From: "E-MAIL. MANAGEMENT" <info@microsoft.org>
Reply-To: upgradingteam@24.tc

This is something to look out for.  Below is a capture of the actual email item.

Be on the lookout for email that's suppose to be from iTunes with the subject "Thank you for buying iTunes Gift Certificate!"  It contains a zip file marked as "iTunes_certificate_247.zip" about 25 bytes in size.
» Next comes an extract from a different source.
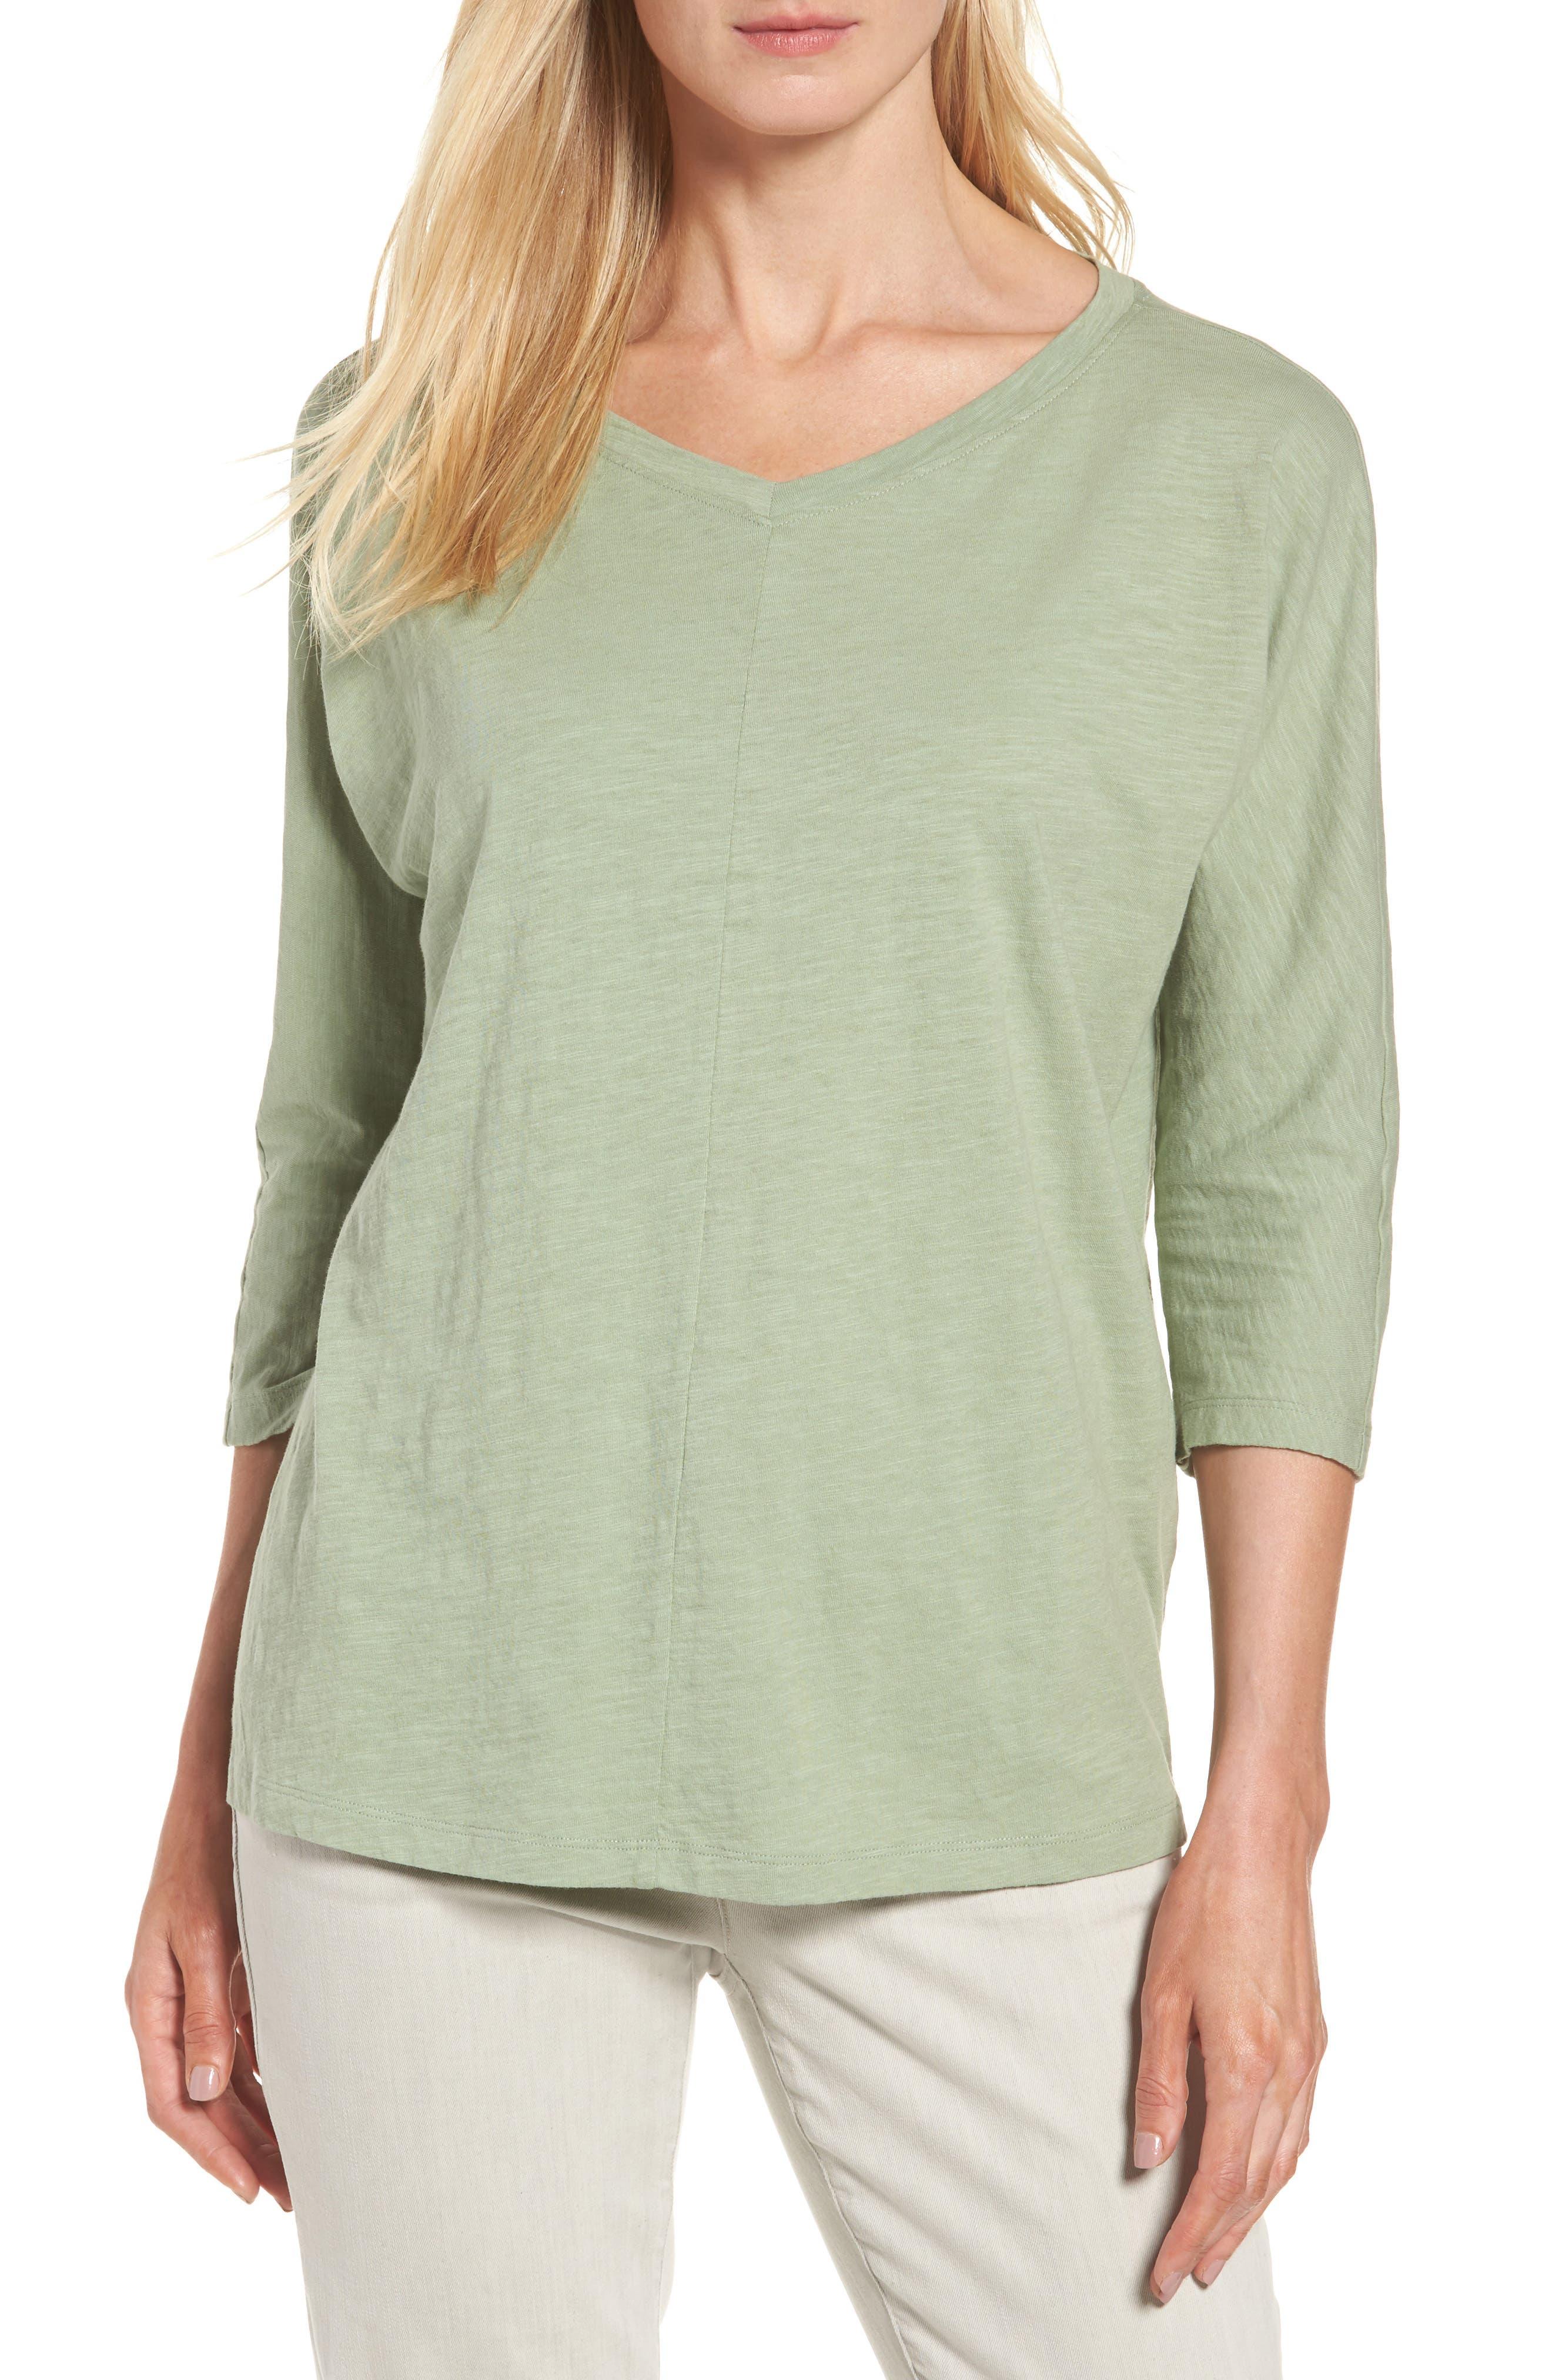 Eileen Fisher Organic Cotton Knit Boxy Top

When you examine the email headers, you will see that the email didn't come from the iTunes/Apple mail servers.  This email originated from mail.pizzaandpizzas.com

Received: (qmail 26872 invoked from network); 7 May 2010 00:55:44 -0400
Received: from unknown (HELO BNFWYFODZ) (203.76.125.195)
  by XXXXXXXXXXXXX with SMTP; 7 May 2010 00:55:22 -0400
Received: from 203.76.125.195 by mail.pizzaandpizzas.com; Fri, 7 May 2010 11:55:19 +0700
From: "Your  iTunes" <account@itunes.com>
To: XXXXXXXXXXXXXXXX
Subject: Thank you for buying iTunes Gift Certificate!
Date: Fri, 7 May 2010 11:55:19 +0700
MIME-Version: 1.0
Content-Type: multipart/mixed;
  boundary="----=_NextPart_000_000E_01CAEDA1.7DF24F30"
Message-ID: <000d01caeda1$7df24f30$6400a8c0@spriestl07>

This variation to the email notification "Webmail: Your mailbox has exceeded the storage limit" is designed to dupe folks into clicking on the link that will take you a website that is suppose to fix your email settings.  Of course, that's far from the truth.  The link that you click on will no doubt trick you into downloading a malicious malware package on your computer.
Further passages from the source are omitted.